MemEngine: Unified Memory Model Library

• MemEngine is a unified, extensible library that standardizes the integration of diverse memory models for autonomous LLM agents, addressing fragmentation across designs.
• It employs a three-tier modular architecture—MemoryFunctions, MemoryOperations, and MemoryModels—to enable systematic benchmarking, dynamic configuration, and seamless plugin integration.
• The framework supports various memory paradigms, including concatenation, embedding-based retrieval, and graph-based self-reflection, using a uniform CRUD-style API.

MemEngine is a unified, extensible library designed to facilitate the development and integration of advanced memory models for LLM-based agents. Launched to address fragmentation in memory design for autonomous agents, MemEngine offers a modular framework where components for encoding, retrieval, summarization, reflection, and memory management are rigorously separated and combinable. It implements all major published agent memory paradigms—ranging from naive history concatenation to graph-based, self-reflective, and optimization-driven schemas—under a single API with a hierarchical configuration system and robust support for plugin development and remote deployment (Zhang et al., 4 May 2025).
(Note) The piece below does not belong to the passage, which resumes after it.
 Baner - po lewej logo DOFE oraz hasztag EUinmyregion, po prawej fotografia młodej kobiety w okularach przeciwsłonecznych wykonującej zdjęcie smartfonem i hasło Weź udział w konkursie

1. Modular Architecture and Design Principles

MemEngine enforces a three-tiered software hierarchy for memory management in agent frameworks:

• Level 1: Memory Functions These are atomic computation units (e.g., text encoders, retrievers, summarizers, reflectors, judges, forgetters, LLM query wrappers). Each MemoryFunction receives raw input and produces a specific output—such as an embedding vector, importance score, or summarized text.
• Level 2: Memory Operations MemoryOperations chain multiple MemoryFunctions into compound actions, including Store, Recall, Manage, and Optimize. For example, a Recall operation might encode a query, score its similarity to stored items, and apply a filtering function.
• Level 3: Memory Models MemoryModels compose MemoryOperations ("recipes") to implement published paradigms such as hierarchical retrieval, dynamic summarization, self-reflection, or tree-based indexing.
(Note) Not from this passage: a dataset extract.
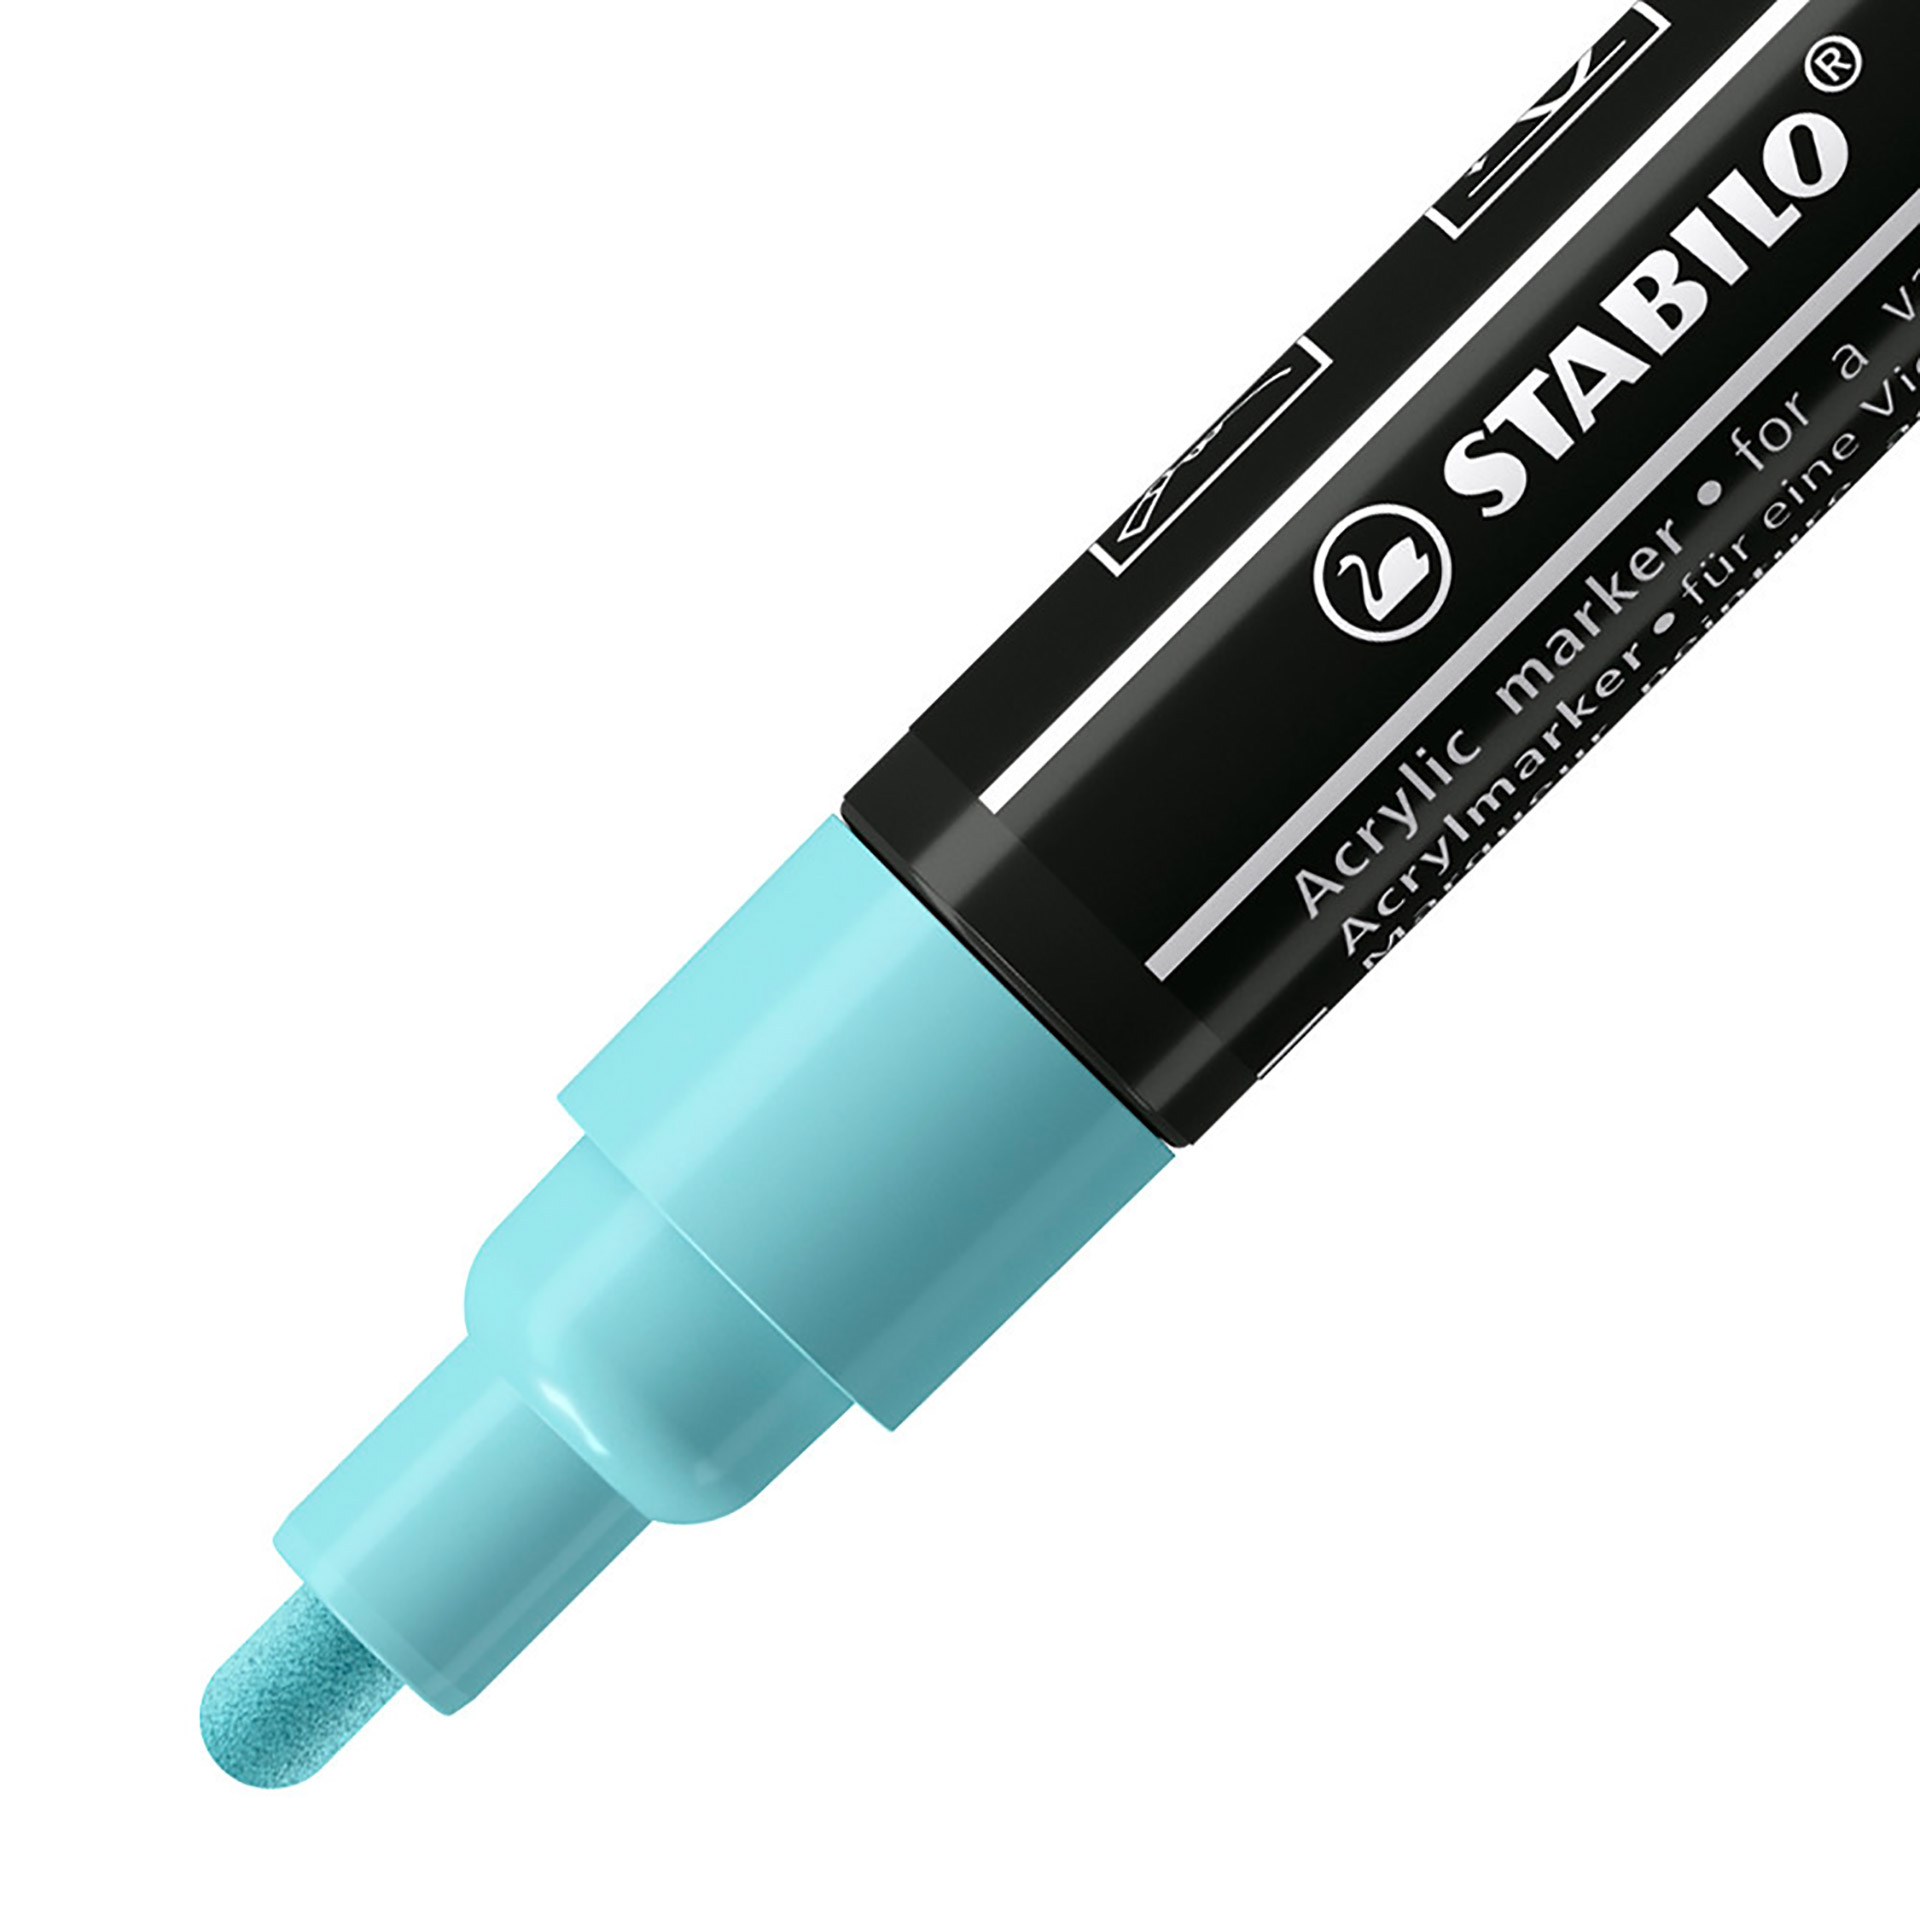 STABILO FREE Acrylic - T300 Punta rotonda 2-3mm - Confezione da 5 - Azzurro Ghia, , large

Configuration is externally specified at all levels via YAML/JSON files or dictionaries, decoupling hyperparameters and prompt templates from code, and supporting reproducibility and easy tuning.

The class hierarchy is summarized below:

Abstract Base	Canonical Subclass Examples
MemoryFunctionBase	Encoder, Retrieval, Summarizer, Judge
MemoryOperationBase	StoreOp, RecallOp, ManageOp, OptimizeOp
MemoryModelBase	FUMemory, LTMemory, MBMemory, GAMemory

Utilities such as FastAPI, storage clients (FAISS, Redis, Weaviate), display helpers, and an automatic selector for sweeping hyperparameters are loosely coupled and optional.
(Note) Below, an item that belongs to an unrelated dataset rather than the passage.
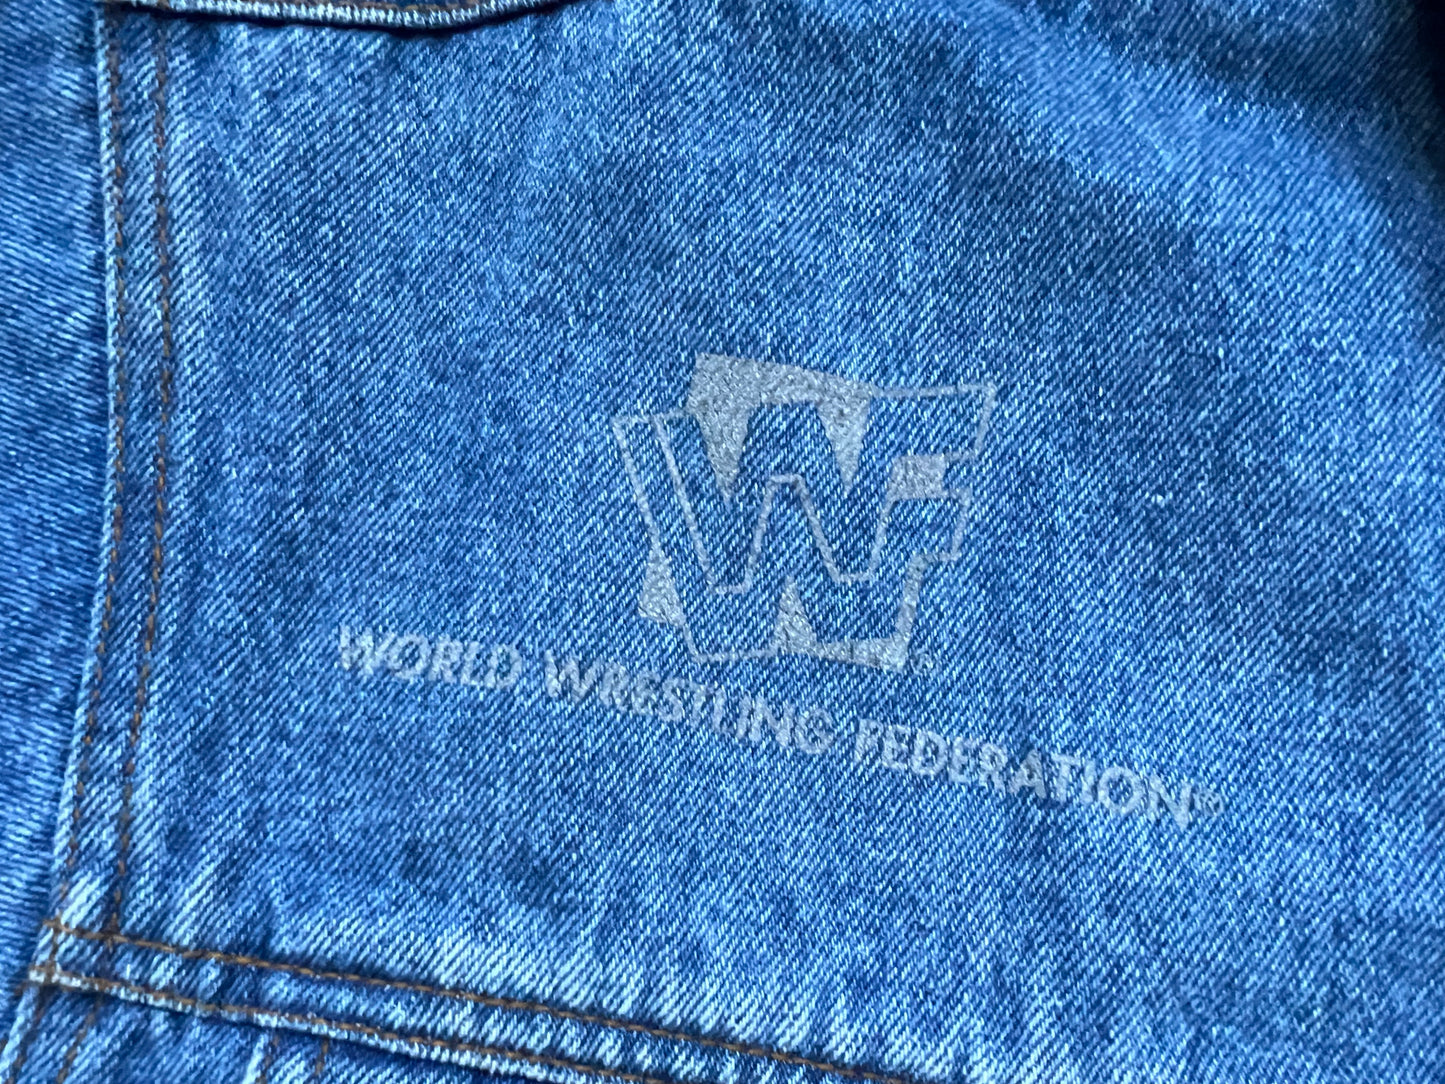 1996 WWF Diesel denim jacket

2. Canonical Memory Models and Mathematical Operations

MemEngine re-implements nine memories chosen from recent literature, providing comprehensive coverage:

• FUMemory: Full history as flat context (naive concatenation).
• STMemory: Sliding window over the last $N$ exchanges.
• LTMemory: Top-$k$ embedding-based retrieval; stores all messages, selects those most similar to the current query:

$$e_q = \mathrm{Encoder}(q);\, e_i = \mathrm{Encoder}(d_i);\, \mathrm{score}(q,d_i) = \cos(e_q, e_i).$$

• GAMemory: As in GenerativeAgents, combines importance-weighted retrieval ($\alpha_i$ computed by Judge) with periodic reflection:

$$\widetilde{\mathrm{score}}(q,d_i) = \alpha_i \cos(e_q, e_i).$$

• MBMemory: MemoryBank; applies periodic summarization and forgetting.
• SCMemory: Self-Controlled; recall-minimal.
• MGMemory: MemGPT; hierarchical memory structures.
• RFMemory: Reflexion; learns keep/drop policies via LLM-based OptimizeOp.
• MTMemory: MemTree; tree-based semantic index.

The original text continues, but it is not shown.